安らかな表情さえ浮かべてわこがいう。わたしはわこがこの世にいるあいだは一緒にいると前に伝えたはずなのに、若いころのことをわこは忘れてしまったのだろうか。痴呆かなと、わこにいったら激怒されるに違いないことを思うも、わこのそれは念を押しているだけのようだった。
わこが死んだあとは、ひふみのものもわこのものも集めようとは思わなかった。わたしは死んだわこが妹に引き取られ、体が燃やされるのを見ていた。ひふみのときとは違って、わこの持ち物は、彼女が骨だけになっても世界に残されていた。だけどどれも欲しいとは思わなかった。
わこのいう、思い出の詰まったものたちとやらは、溢れるほどに存在したのに、不思議なものだ。

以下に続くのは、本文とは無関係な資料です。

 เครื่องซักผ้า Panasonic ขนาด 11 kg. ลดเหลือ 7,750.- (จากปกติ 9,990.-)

なに一つ惜しいものも気にかかるものもなかったから、わこが死んでしばらくは、わこの家の存在さえ忘れていたほどだ。えいがによく出てきた遺品というものをふと思い出してわこが暮らしていた家にふらりと行ってみたときにはもう、わこのものはなに一つそこになかった。そこにはすでに、ほかの人間たちが暮らしていた。わこは子孫を残さなかったから、わことはまったく無関係の、血のつながりもない人間たちだ。ぱそこんに、わこの椅子。あれも燃やされたのだろうか。
わこが若いときに暮らしていた家にも行ってみた。外観が変わっていて、わたしは外から眺めただけで興味を失った。

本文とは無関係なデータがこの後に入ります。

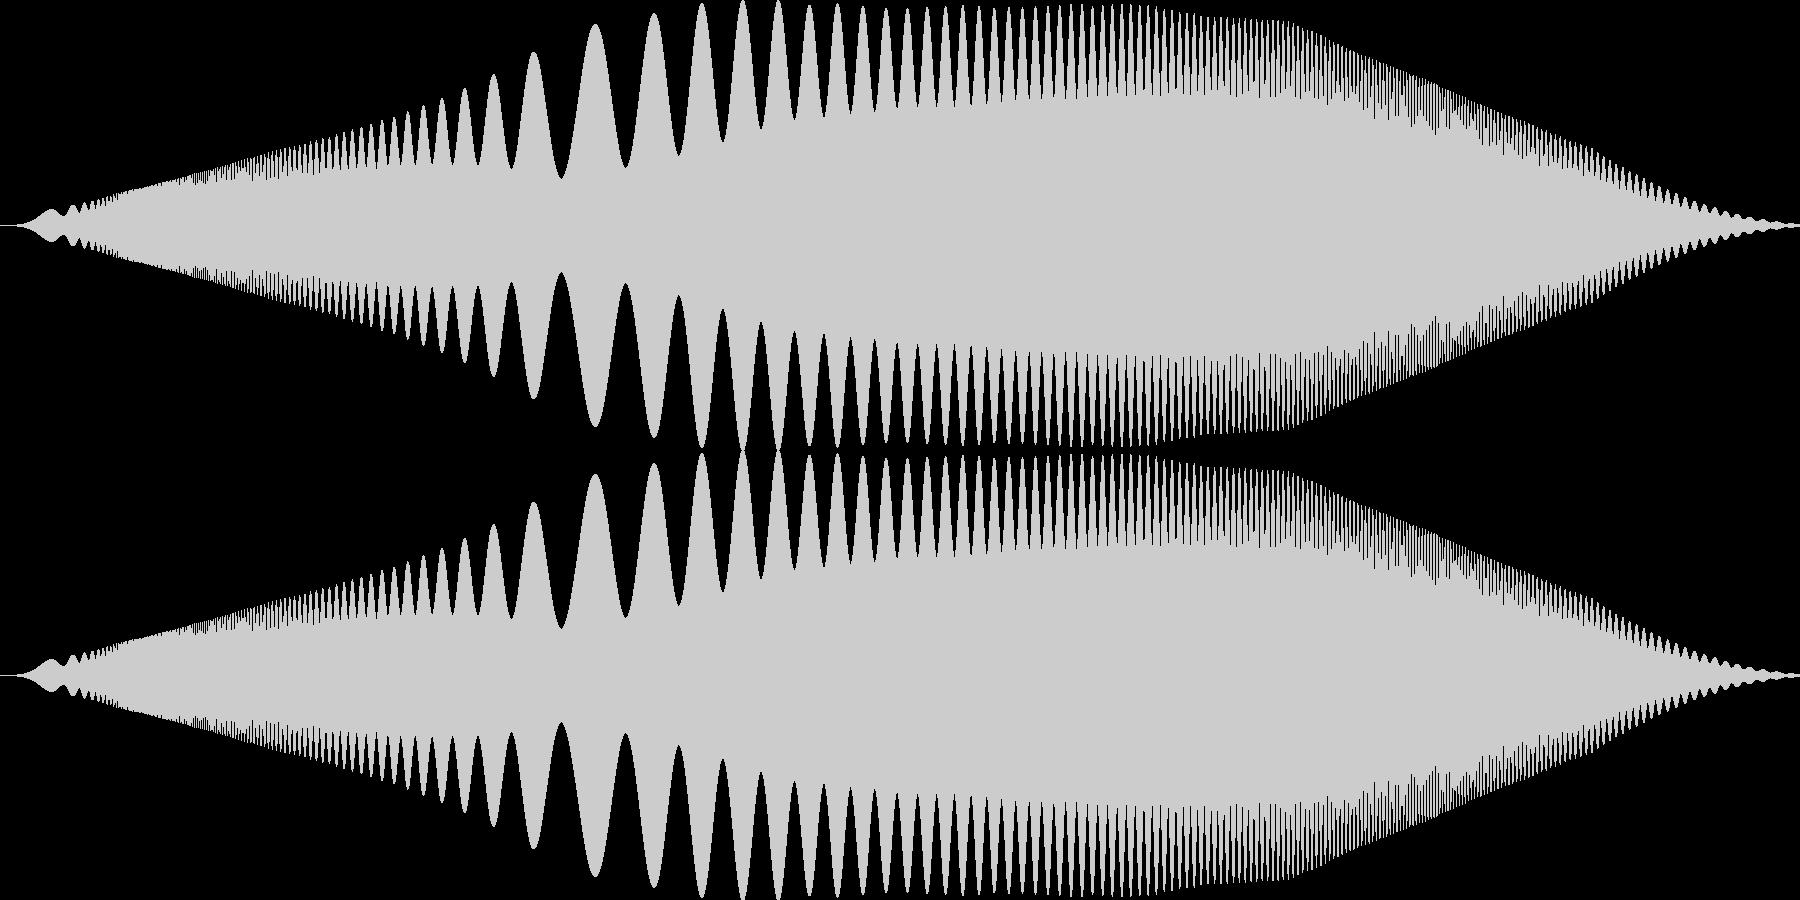 ぴゆわぁお みたいな音です。の未再生の波形

話し相手を失って彷徨い歩くわたしの胸元には、ぬくもりがあった。
燃えるわこの体から浮き出てきたぬくもりだ。人間に限らず、生き物が死ぬと必ず一つ出てくる。ひふみやわこはそれを魂だといっていた。
ひふみのときにもあった。燃え上る鉄の塊から激しく上方に飛び出していった。わたしはそれを見送った。

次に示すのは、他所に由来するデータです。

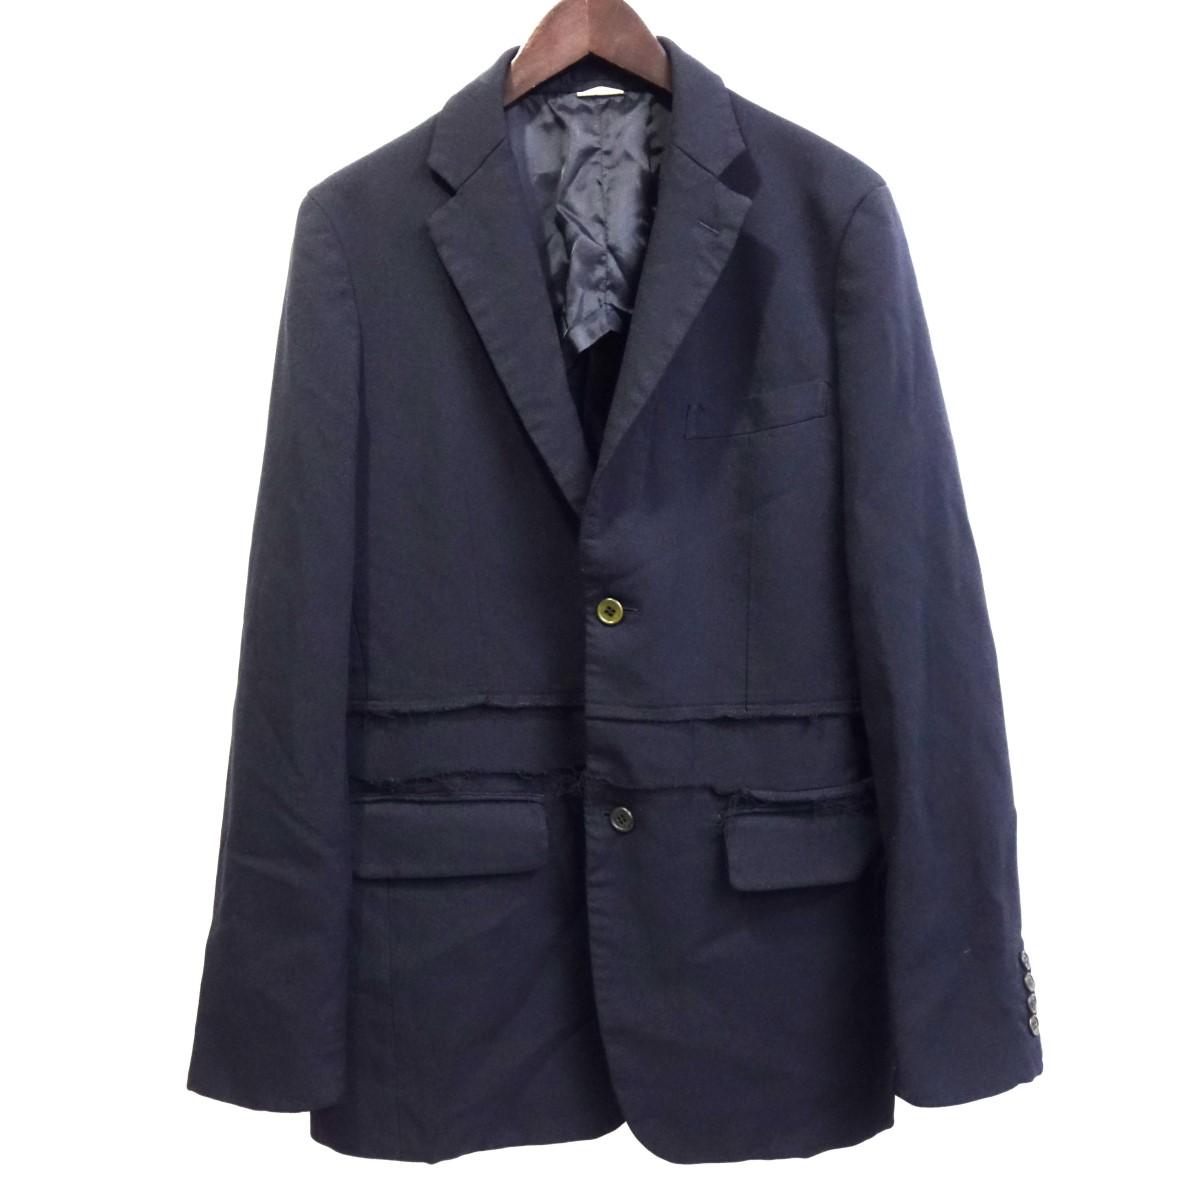 【中古】COMME des GARCONS HOMME DEUX 19SS カツトオフ再構築ポリ縮絨ジャケット ネイビー サイズ:S 【070420】(コムデギャルソンオムドゥ)

わこのぬくもりは、わたしが呑みこんだ。そうすることが正しいような気がした。とくに考えることなく、わたしの中に取り込んでしまおうと呑んだのに、わこのぬくもりはわたしの体から出た。
なんど呑みこんでも、わたしの体内から弾かれるように出てしまう。
――水と油だね。
わこの言葉が蘇る。わこは揚げ物が大好物だったから、ぬくもりまで油で包まれてしまったのかもしれない。
本物のひふみの着物のように、わたしの袖や襟にものが入れられたらよかった。わたしの形は、ひふみを模して造ったものだ。残念ながら機能までは再現できなかった。わたしは草履を操ってみたかったから、それに合わせて着物も模すことにしたのだが、付属品を足すことによって難易度が上がり、なんども失敗した。そのたびにわたしは化け物のような見た目になった。
わこに会ったとき、造形がある程度完成していたのは幸いだった。もしあのとき、わたしが化け物の形をしていたら、わこは逃げ出しただろう。わこはほらーが苦手なのだ。それに、わこはわたしの着物が好きだった。歳をとってからは、わこも着物を着て生活をしていた。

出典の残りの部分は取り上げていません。